### PROBLEM DETAILS
Please restate every line below exactly, without any pictures.

### RECORDED DATA
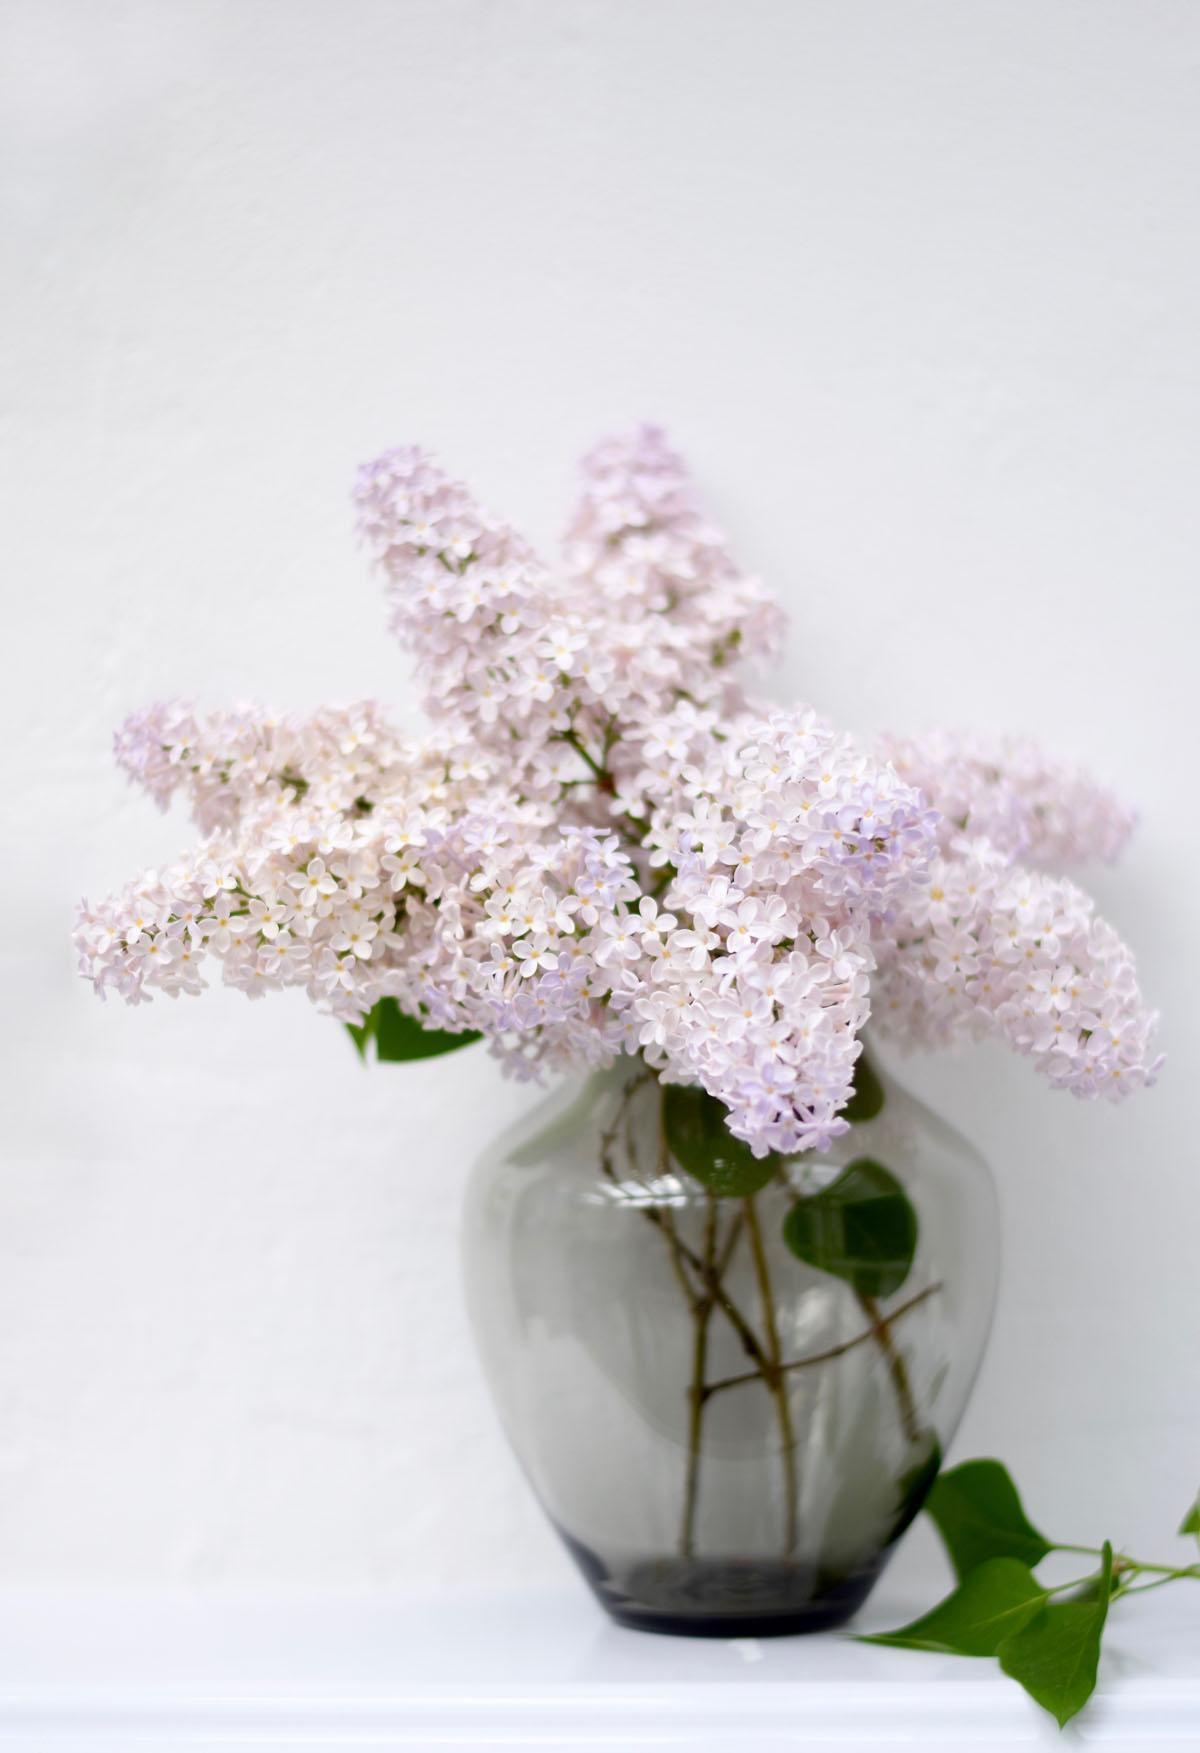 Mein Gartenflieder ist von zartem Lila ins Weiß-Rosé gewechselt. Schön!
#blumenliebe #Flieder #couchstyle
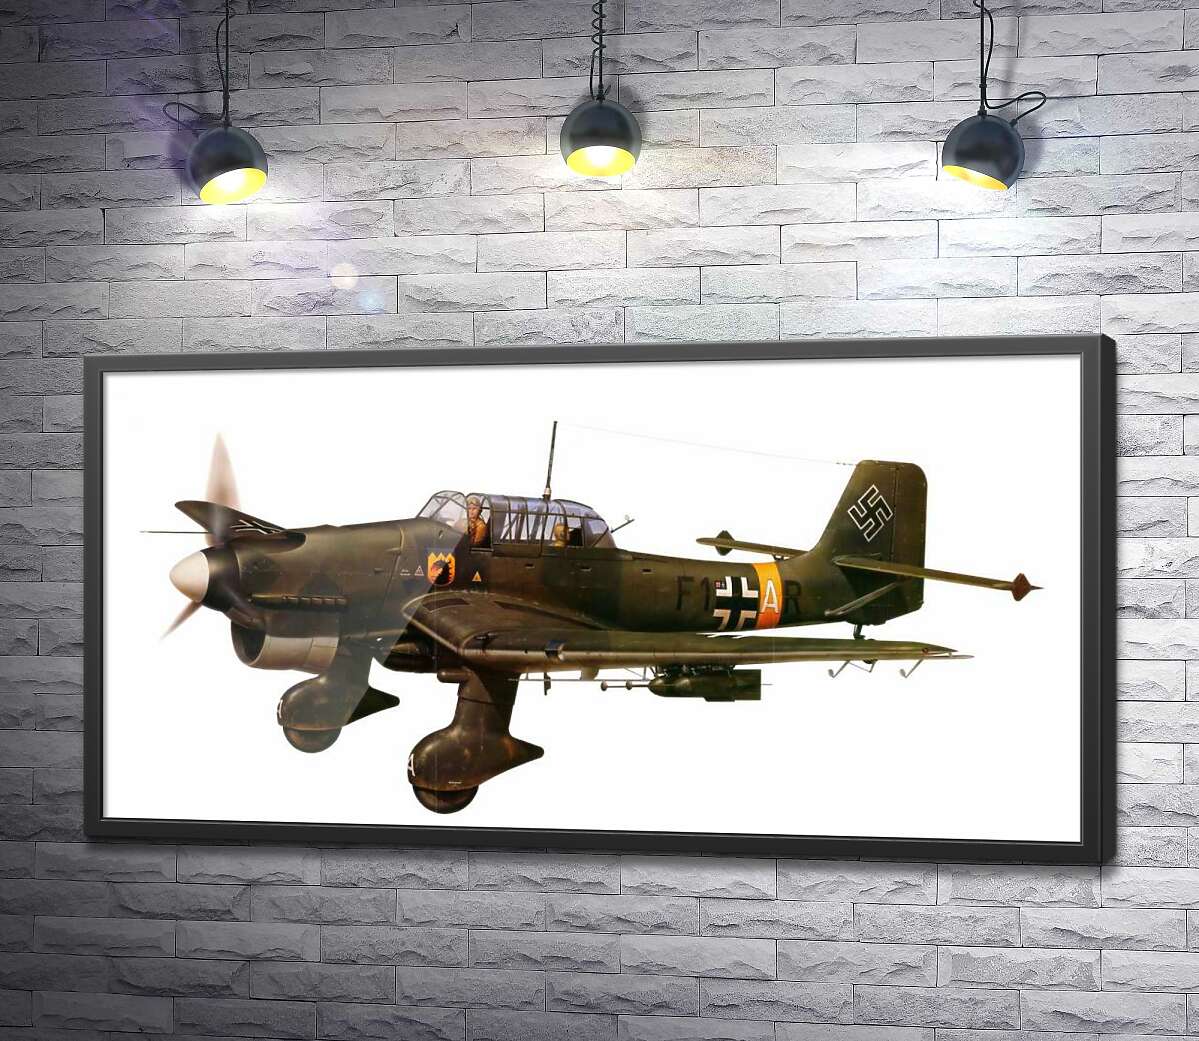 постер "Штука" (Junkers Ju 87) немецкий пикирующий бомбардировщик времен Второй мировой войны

### YOUR SOLUTION
 Mein Gartenflieder ist von zartem Lila ins Weiß-Rosé gewechselt. Schön!
#blumenliebe #Flieder #couchstyle
 постер "Штука" (Junkers Ju 87) немецкий пикирующий бомбардировщик времен Второй мировой войны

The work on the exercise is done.